Sévérac d'Aveyron. Jean-Pierre Henri Azéma : "Sauver la mémoire des hommes"

  • Jean-Pierre Azéma et les prémices de la restauration de son moulin, près de Sévérac-le-Château.	C.C.
    Jean-Pierre Azéma et les prémices de la restauration de son moulin, près de Sévérac-le-Château. C.C.
  • Devant son moulin du XVIe siècle et sa meule d’époque. La bâtisse sera le point de départ, en 1982, de sa passion pour les moulins. 	C.C.
    Devant son moulin du XVIe siècle et sa meule d’époque. La bâtisse sera le point de départ, en 1982, de sa passion pour les moulins. C.C.
  • Jean-Pierre Henri Azéma : "Sauver la mémoire des hommes"
    Jean-Pierre Henri Azéma : "Sauver la mémoire des hommes"
Publié le
Christophe Cathala

Docteur en géographie, consultant indépendant, expert, conférencier et auteur de nombreux ouvrages de référence, créateur de l’association rouergate des amis des moulins, cet Aveyronnais passionné de patrimoine industriel conduit un vrai devoir de transmission.

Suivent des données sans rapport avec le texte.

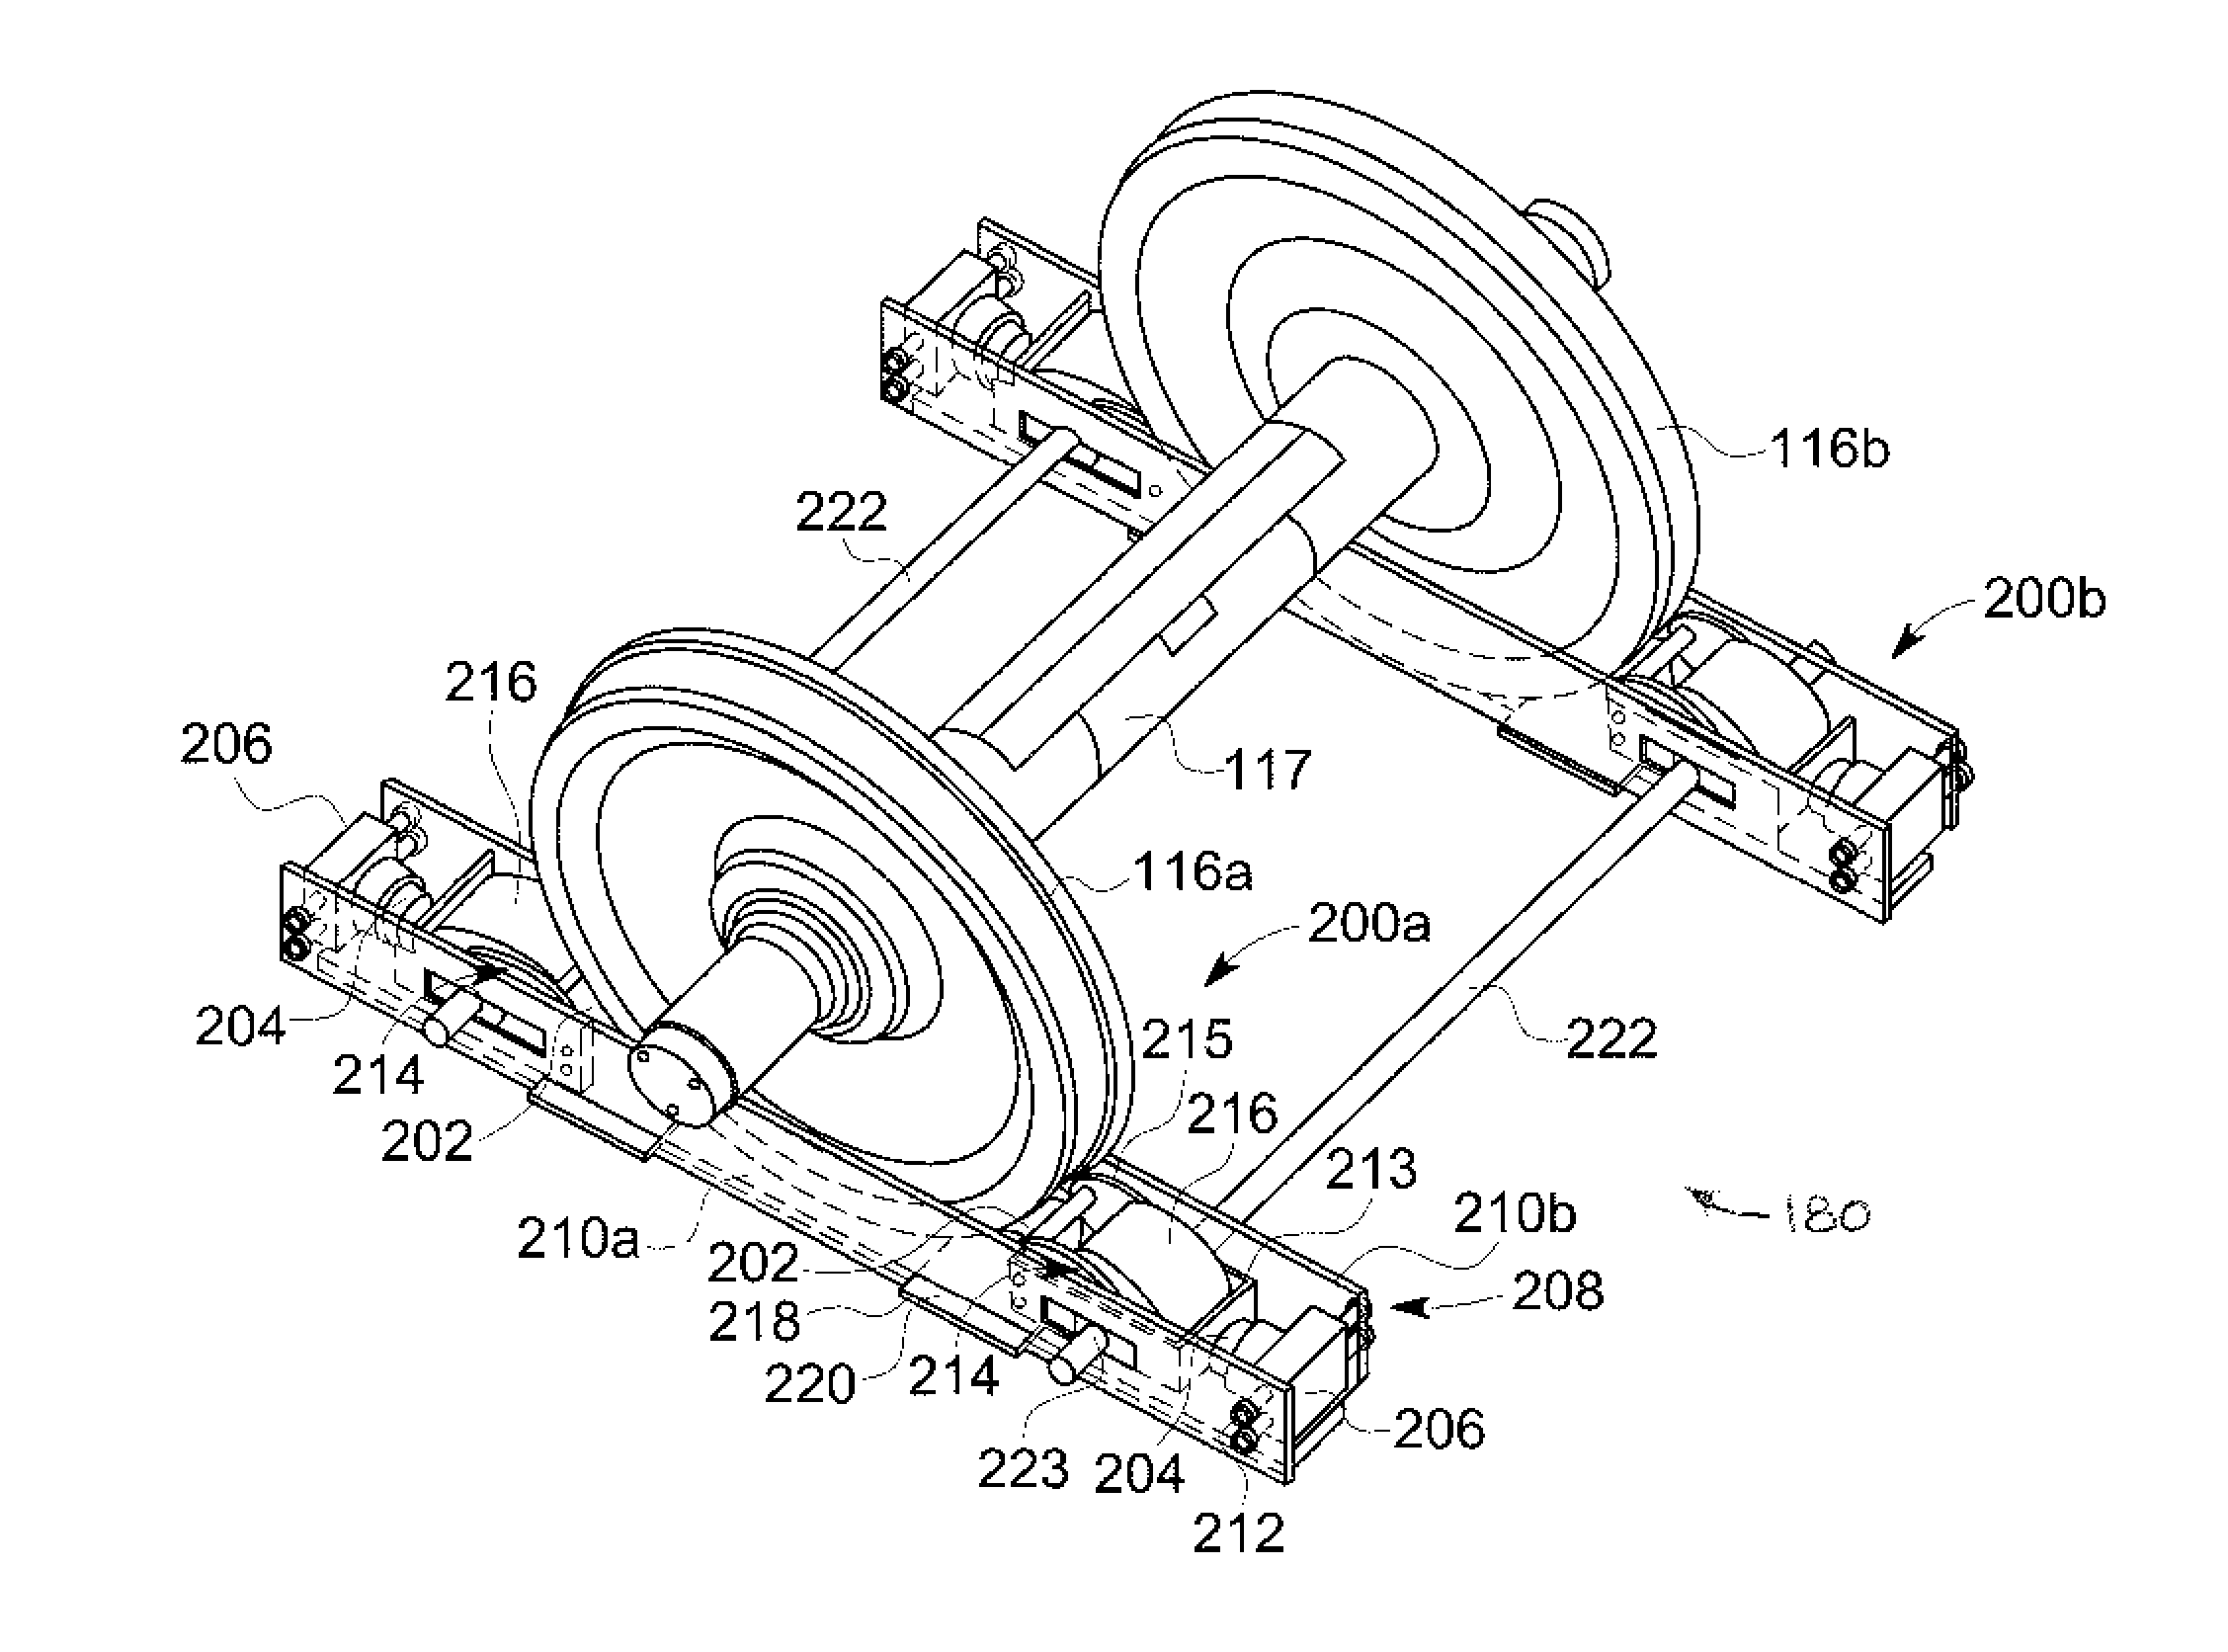 Apparatus and method for lifting and moving an axle of a rail vehicle
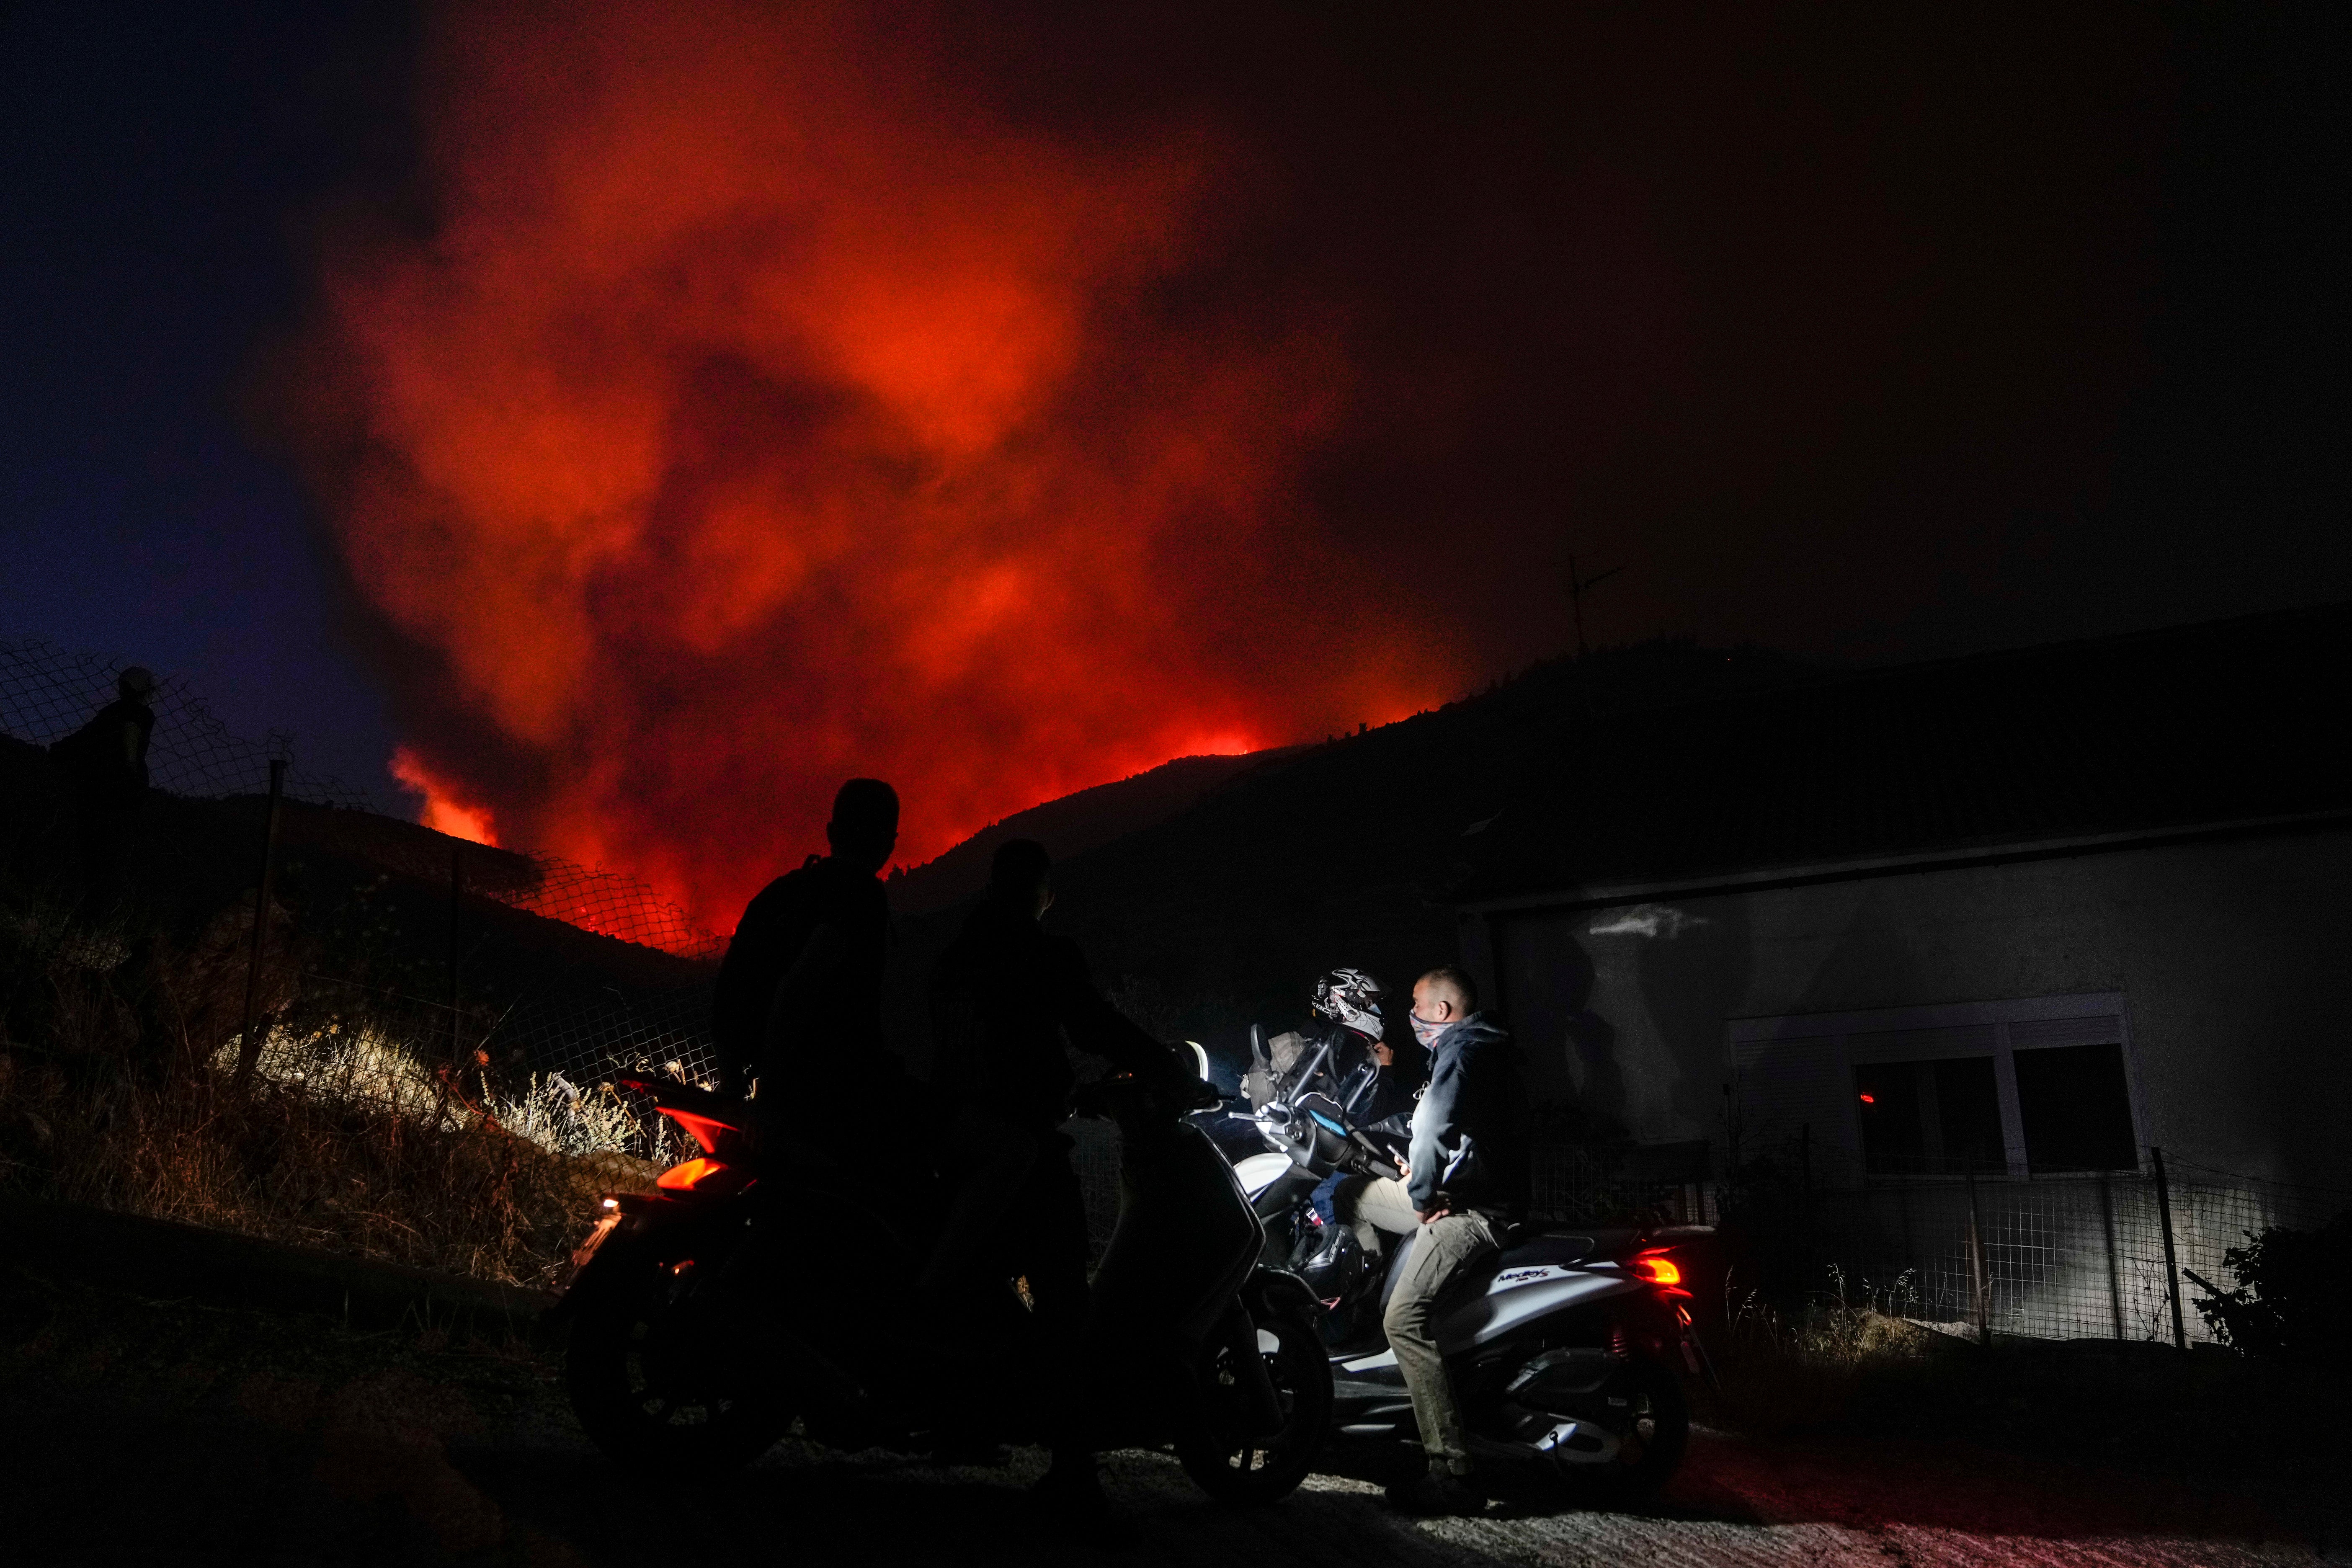 Men on motorcycles watch a fire at Penteli, Greece, on Tuesday, July 19, 2022. (Photo: Thanassis Stavrakis, AP)

Un géographe sait toujours garder les pieds sur terre même quand les moulins lui font tourner la tête, au point d’y consacrer sa vie de chercheur au travers d’une centaine d’articles scientifiques et d’une douzaine d’ouvrages de référence. Et les moulins ne sont qu’un aspect des quarante années d’études que Jean-Pierre Henri Azéma aura à ce jour dédié au patrimoine, celui des techniques et de l’industrie, de l’eau et de l’environnement sur tous les terrains d’investigations possibles, de l’Aveyron à l’Europe entière. Il a 22 ans en 1982, quand ses parents héritent un moulin du XVIe siècle, assoupi sur un chenal de dérivation de la rivière Aveyron, à quelques encablures de Sévérac-le-Château. La vénérable bâtisse, que son arrière-grand-père Jean Baptiste Gaches-Dides avait achetée en 1852, est alors ruinée. Il va s’employer avec ses deux sœurs aînées à le rénover dans les règles de l’art, à remonter sa mécanique. Un gamin du voisinage contemple un jour les travaux : " A quoi ça sert un moulin ?, me dit-il. Ce sera le déclic ", confie celui qui, à l’époque est doctorant en géographie, et se passionne… pour les arbres.

Les moulins s’affirmeront quand, pour payer ses études, il court les travaux de recherche pour sa maîtrise. Le groupe d’études et de programmation de la DDE de l’Aveyron lui propose de se pencher sur les chaussées du Rance. " Personne d’autre ne s’y était jamais intéressé. L’Abbé Aliès, maire de Belmont me les fera découvrir, je vais alors faire 600 km à pied et à vélo pour arpenter les méandres de la rivière et sa cinquantaine de chaussées, de Muratel jusqu’à Plaisance. Je vais donc me confronter aux chaussées avant de m’intéresser aux moulins, dont nul ne profitait guère ! " Il est vrai qu’entre les deux il n’y a qu’un pas à franchir. Et parce qu’il s’est " fait rattraper par l’histoire de ma famille ", son moulin de Sévérac sera donc le fil conducteur d’une carrière d’expert vouée au patrimoine, celui relie la main de l’homme à son environnement.

Une passion, toujours aussi vivace aujourd’hui pour ce géographe, hydraulicien et… juriste. Car remonter un moulin n’est pas un long fleuve tranquille, il faut des documents attestant de l’histoire du lieu, des registres portant trace de sa présence avant la Révolution, des preuves en tout genre réclamées par les Eaux et Forêts… Une jungle administrative qui le mènera à pousser la porte des Archives départementales et à rencontrer leur conservateur, Jean Delmas.

Il en naîtra en 1985 une thèse sur les moulins de l’Aveyron, qui fait toujours autorité aujourd’hui. Dans ce sillage, Jean-Pierre Henri Azéma crée en 1987 l’Aram, Association rouergate des amis des moulins affiliée à une fédération dont il sera 25 ans durant le vice-président. Un repaire de passionnés convaincus de transmettre aux générations futures une part d’histoire économique, industrielle et humaine, à travers conférences, études et ouvrages de référence. " Ce qui m’intéresse en tant que géographe, c’est l’humain, c’est sauver la mémoire des hommes. Mon souci, c’est la communication, la transmission de cette mémoire. Le savoir, on le multiplie en l’offrant dans un livre, en recueillant les témoignages. Et ce sont les sujets des livres qui viennent à moi ".

Il reste en ce domaine toujours à faire, mais Jean-Pierre Henri Azéma a sans aucun doute déjà accompli l’essentiel de sa mission.